Entries shown Block Start

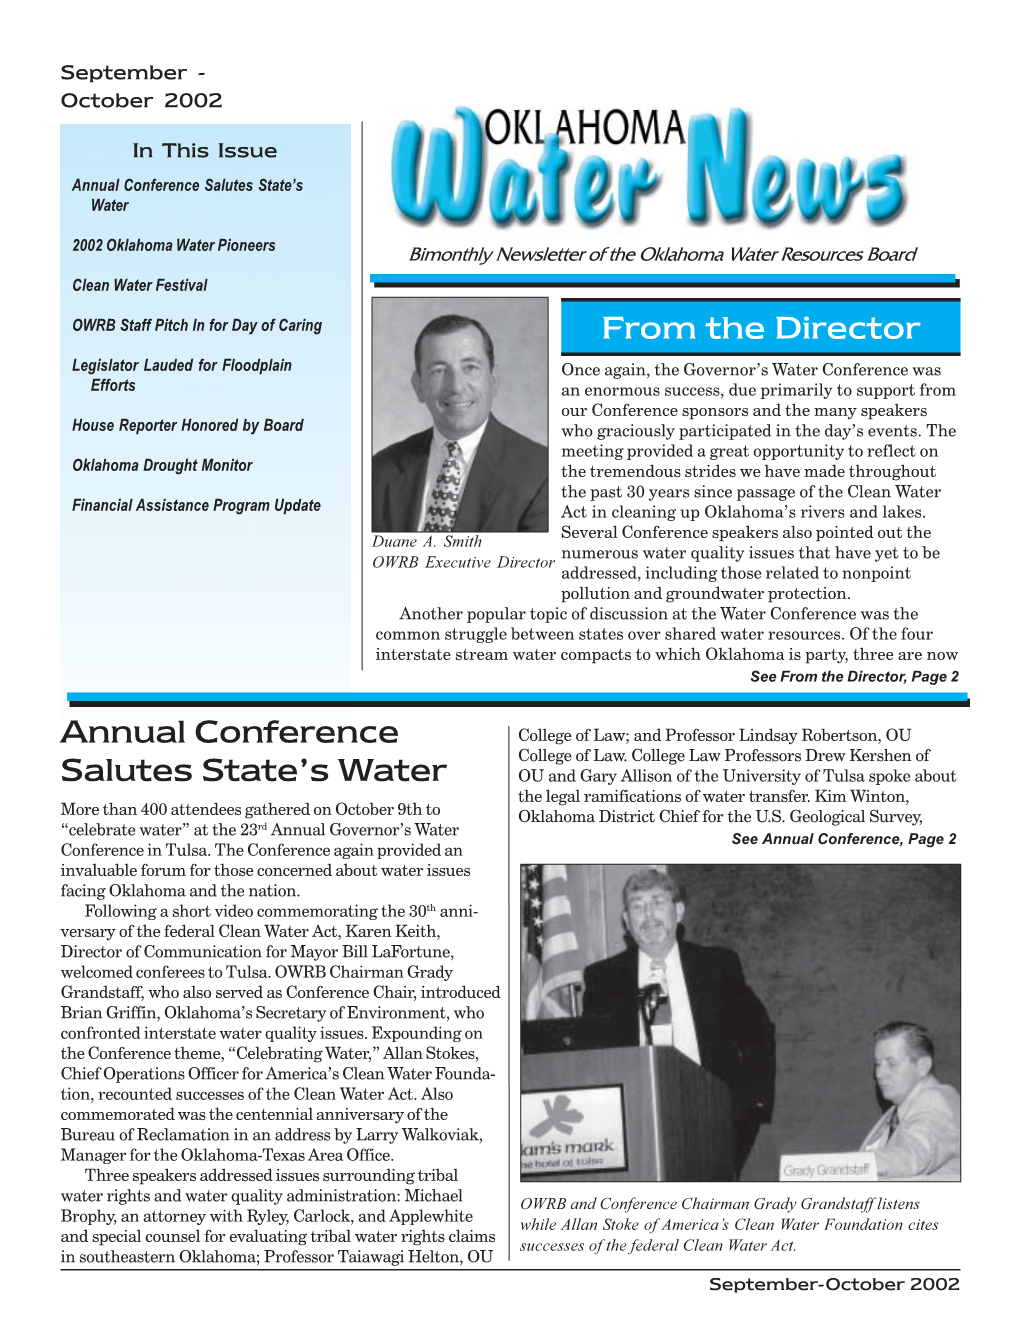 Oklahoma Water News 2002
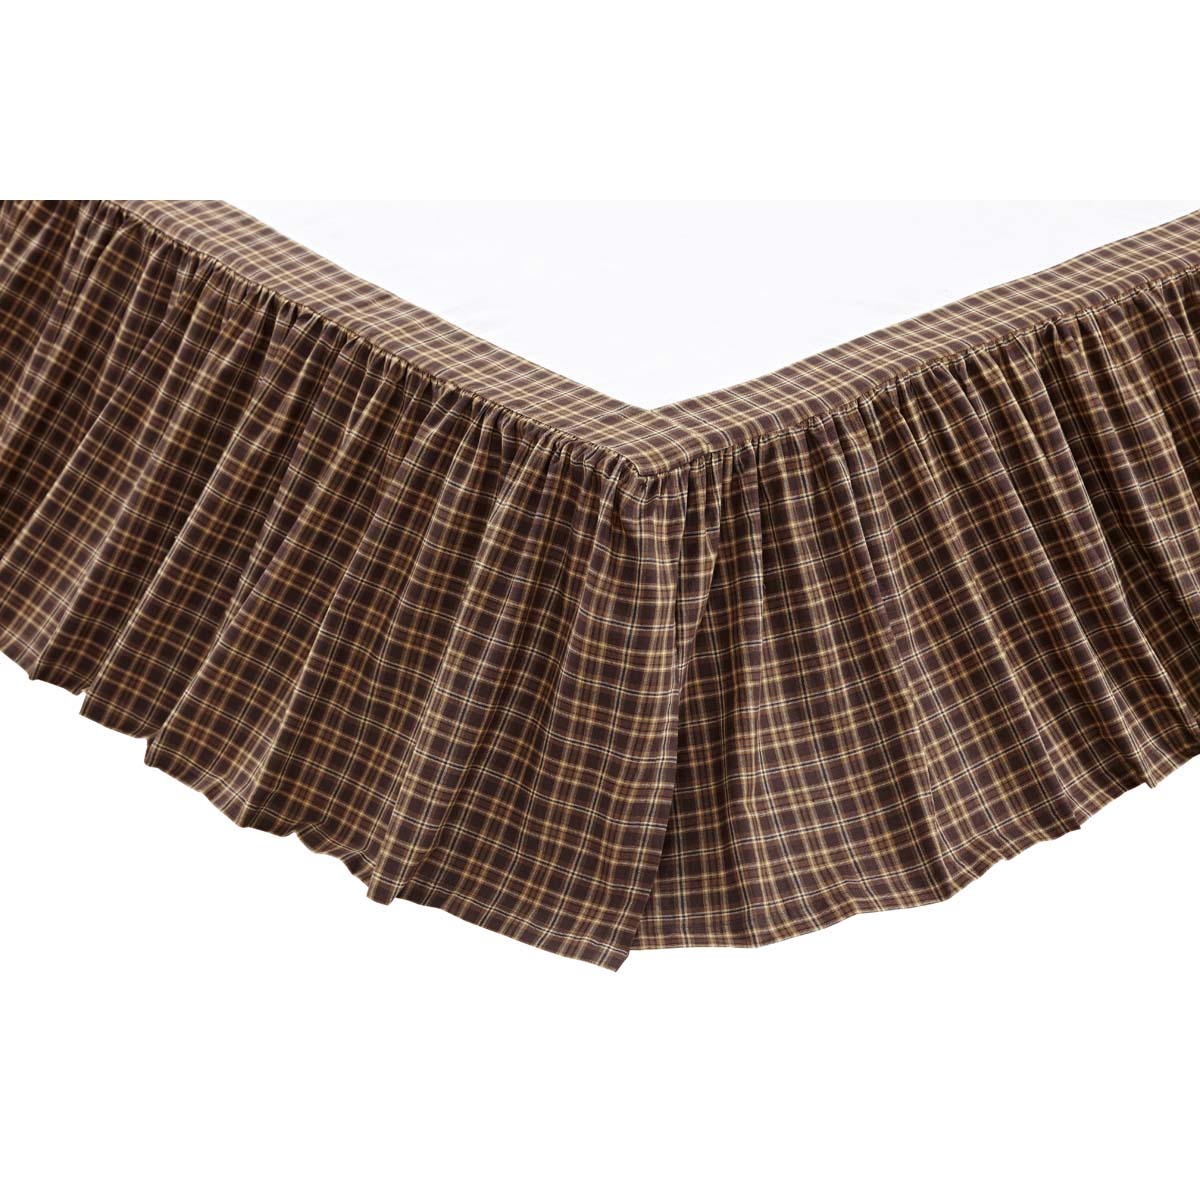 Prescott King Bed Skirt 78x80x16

Entries shown Block End
Entries shown Block Start

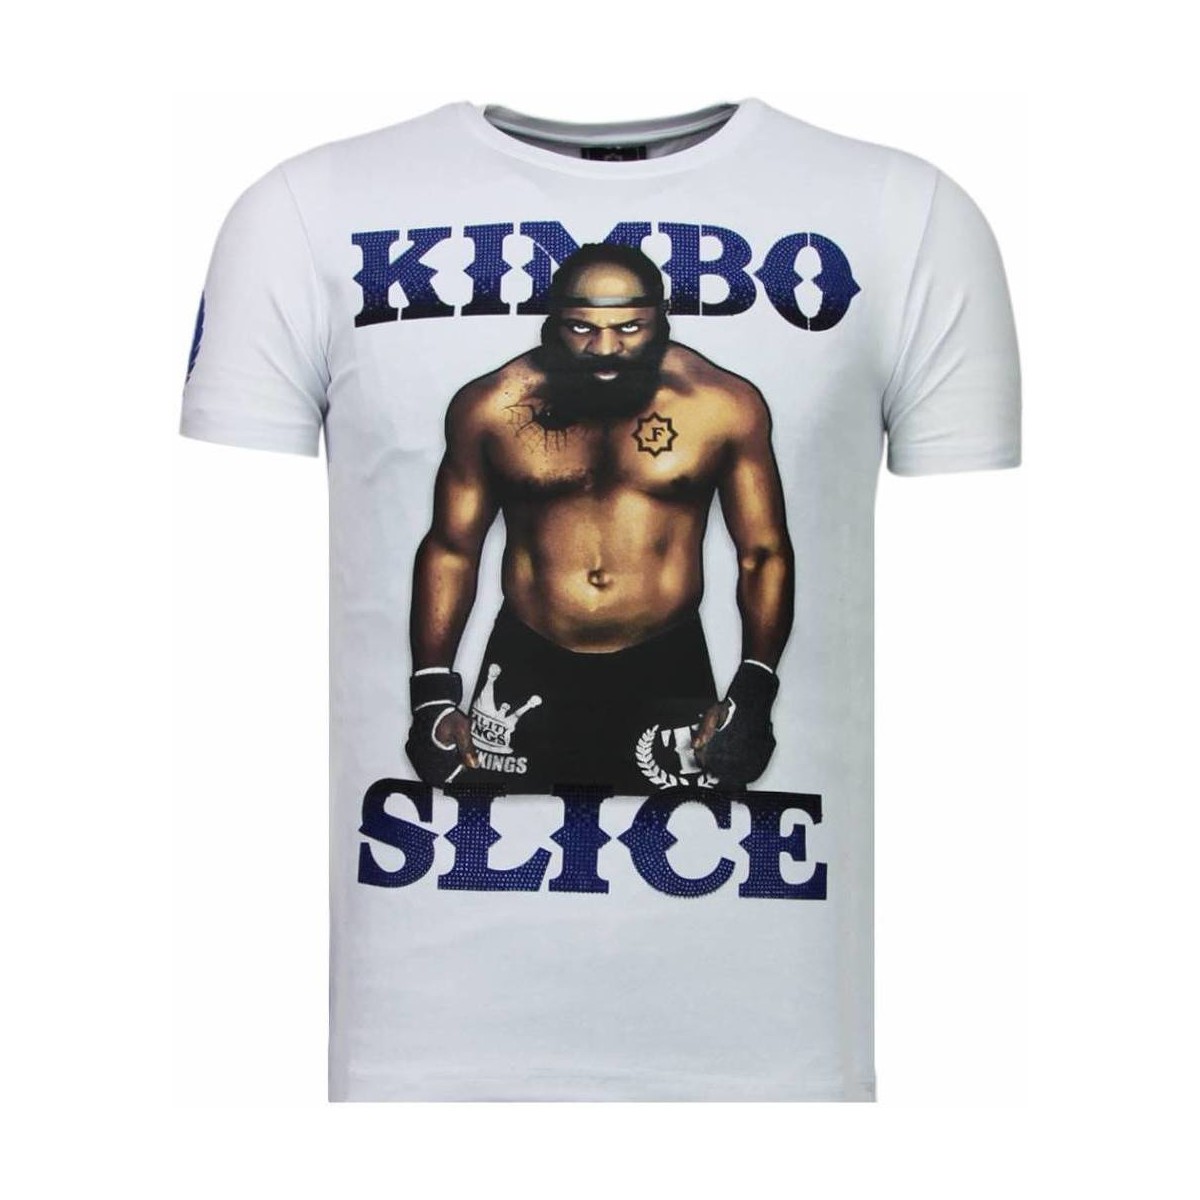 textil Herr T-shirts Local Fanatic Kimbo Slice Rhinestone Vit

Entries shown Block End

▶ **Exercise instructions**
Print, word for word, the lines above that run from the line containing "Oklahoma Water News 2002" to the line containing "Prescott King Bed Skirt 78x80x16", both included. Keep the pictures out.

▶ **Answer section**
 Oklahoma Water News 2002
 Prescott King Bed Skirt 78x80x16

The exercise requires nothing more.